[[ Source data, beginning ]]

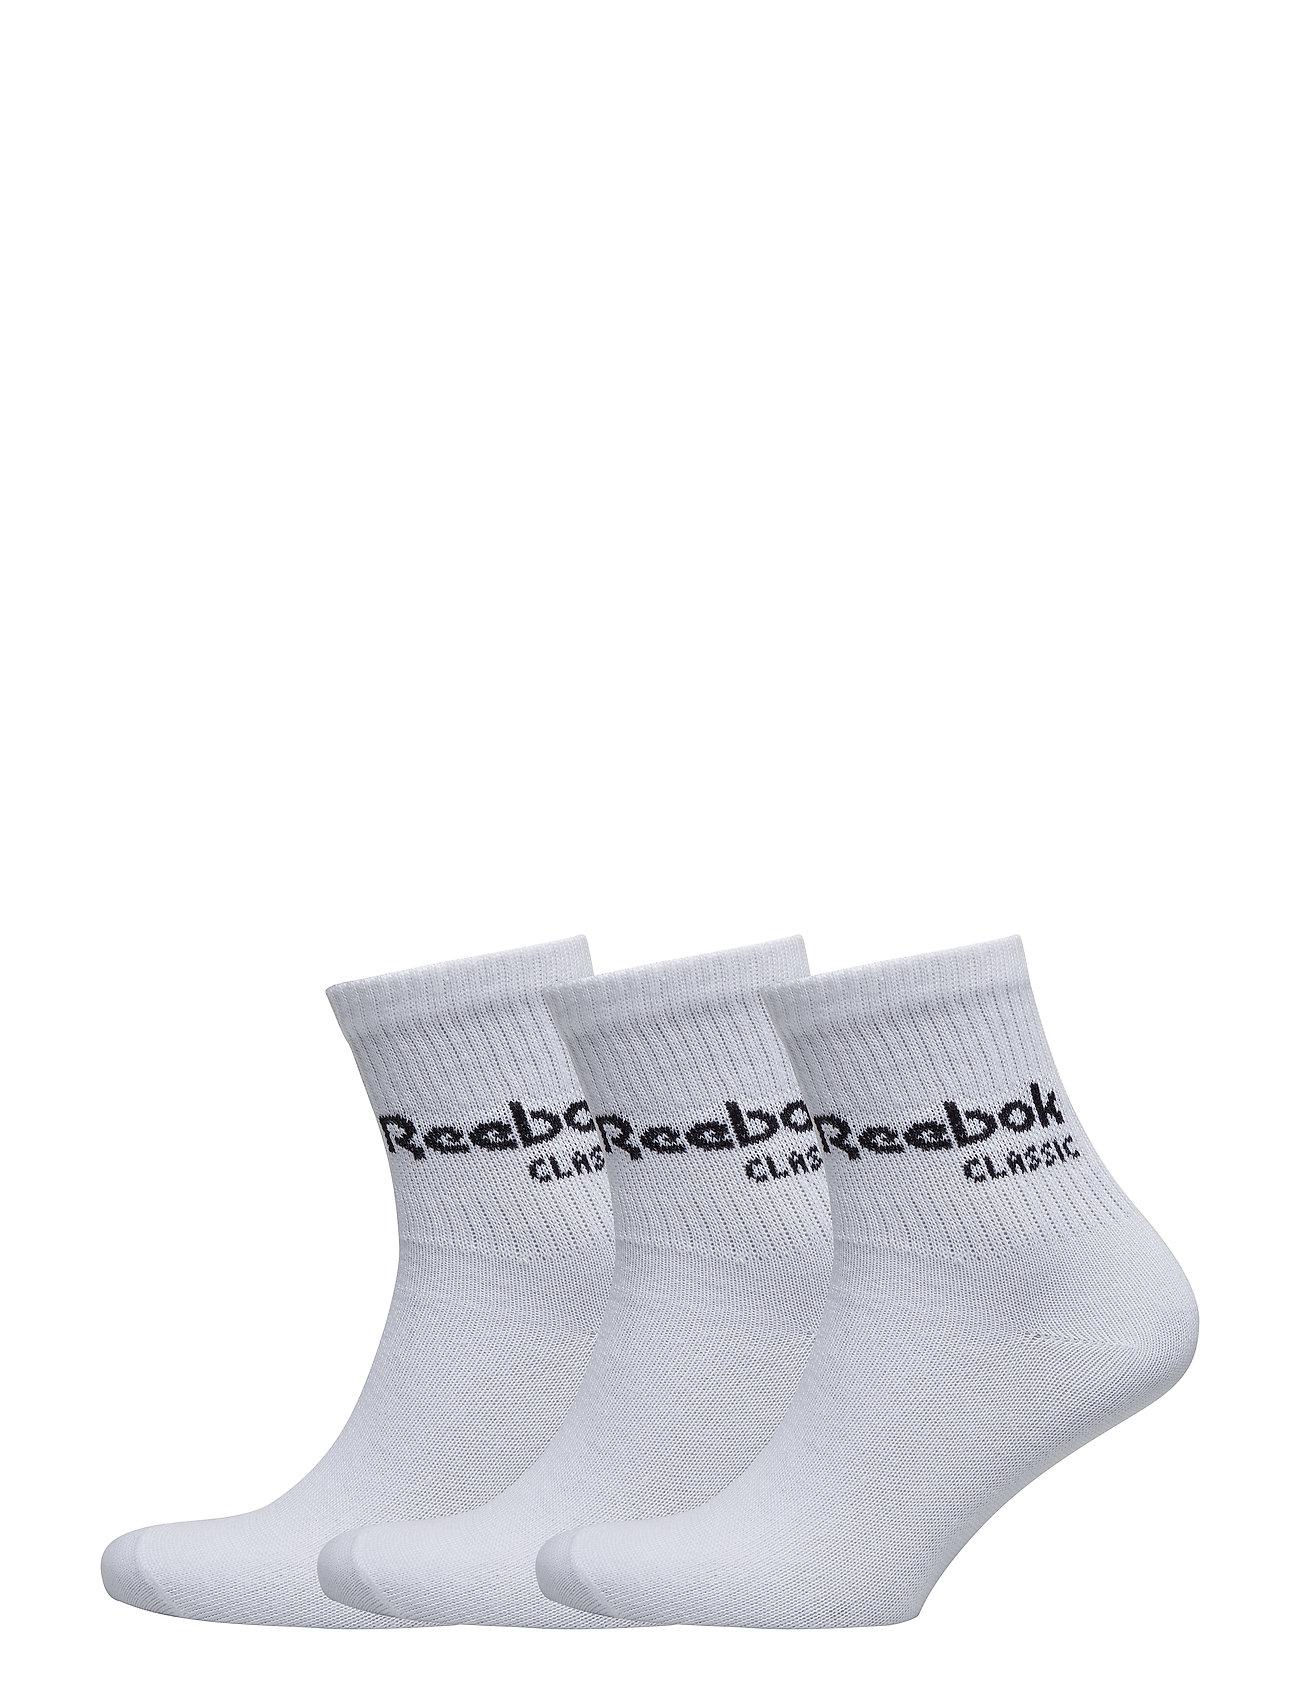 Reebok Classics CL CORE CREW SOCK 3P - WHITE/WHITE/WHITE
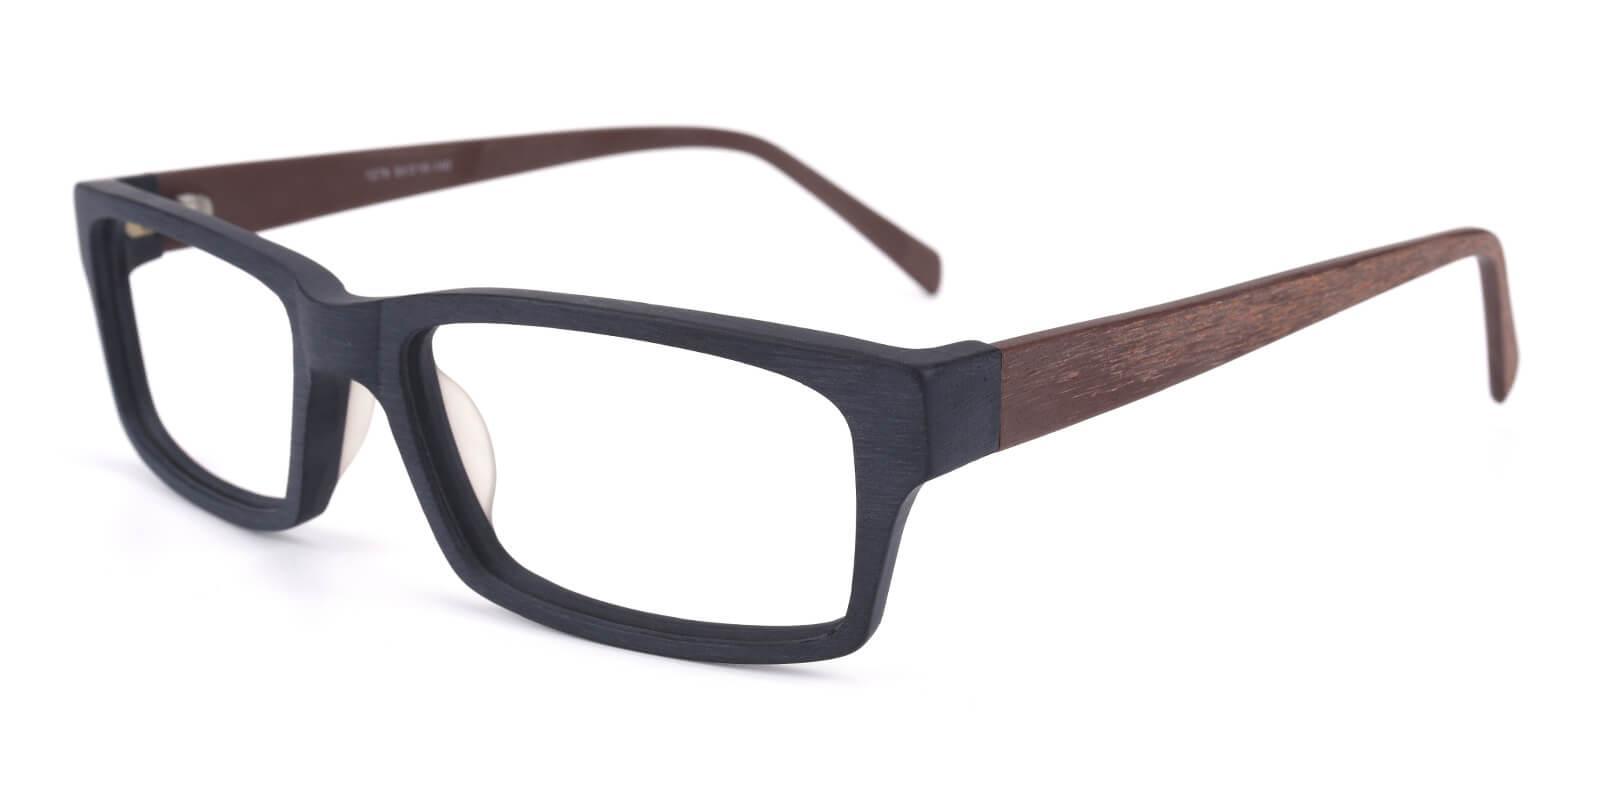 Nadien-Brown-Rectangle-Acetate-Eyeglasses-additional1
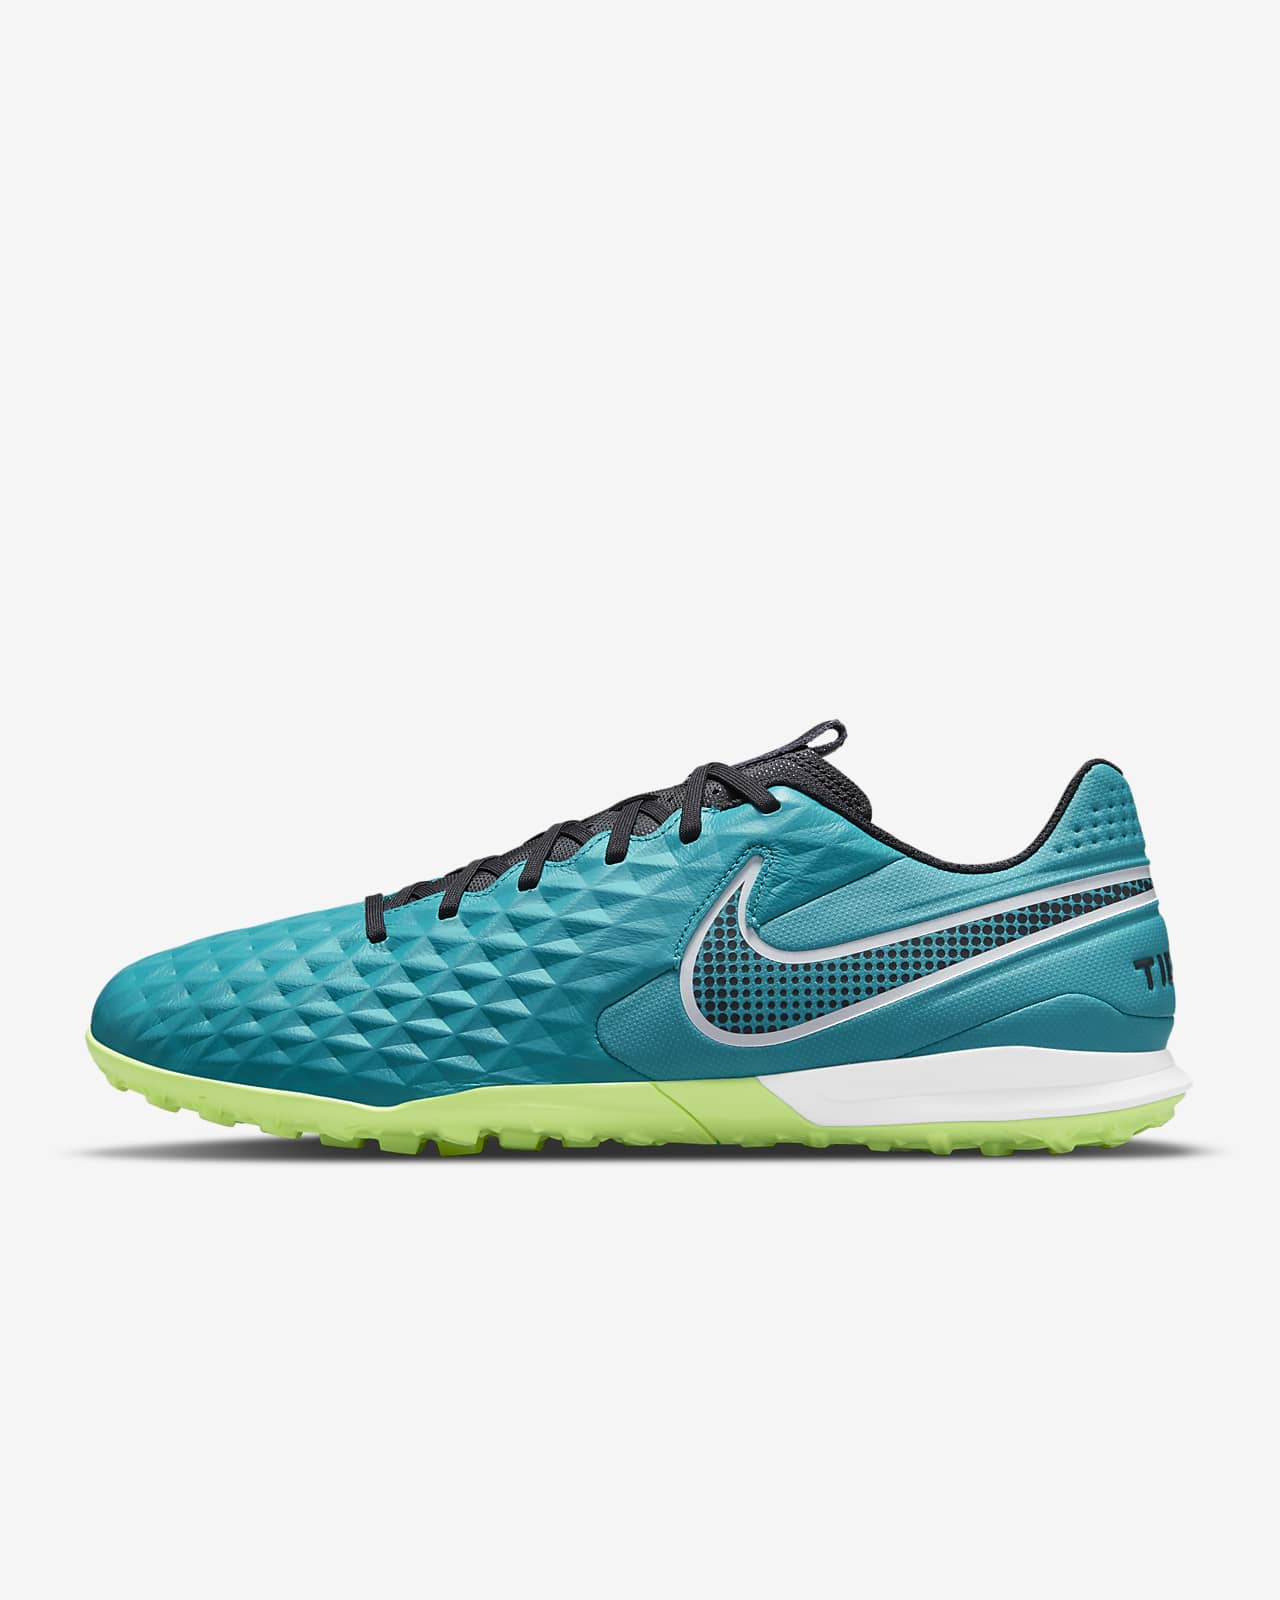 Chaussure de football pour surface synthétique Nike Tiempo Legend 8 Academy TF

[[ Source data, end ]]

Reproduce word for word the lines running from the line with "Nadien-Brown-Rectangle-Acetate-Eyeglasses-additional1" through the end of the data, both included, and nothing else; leave out the pictures.

 Nadien-Brown-Rectangle-Acetate-Eyeglasses-additional1
 Chaussure de football pour surface synthétique Nike Tiempo Legend 8 Academy TF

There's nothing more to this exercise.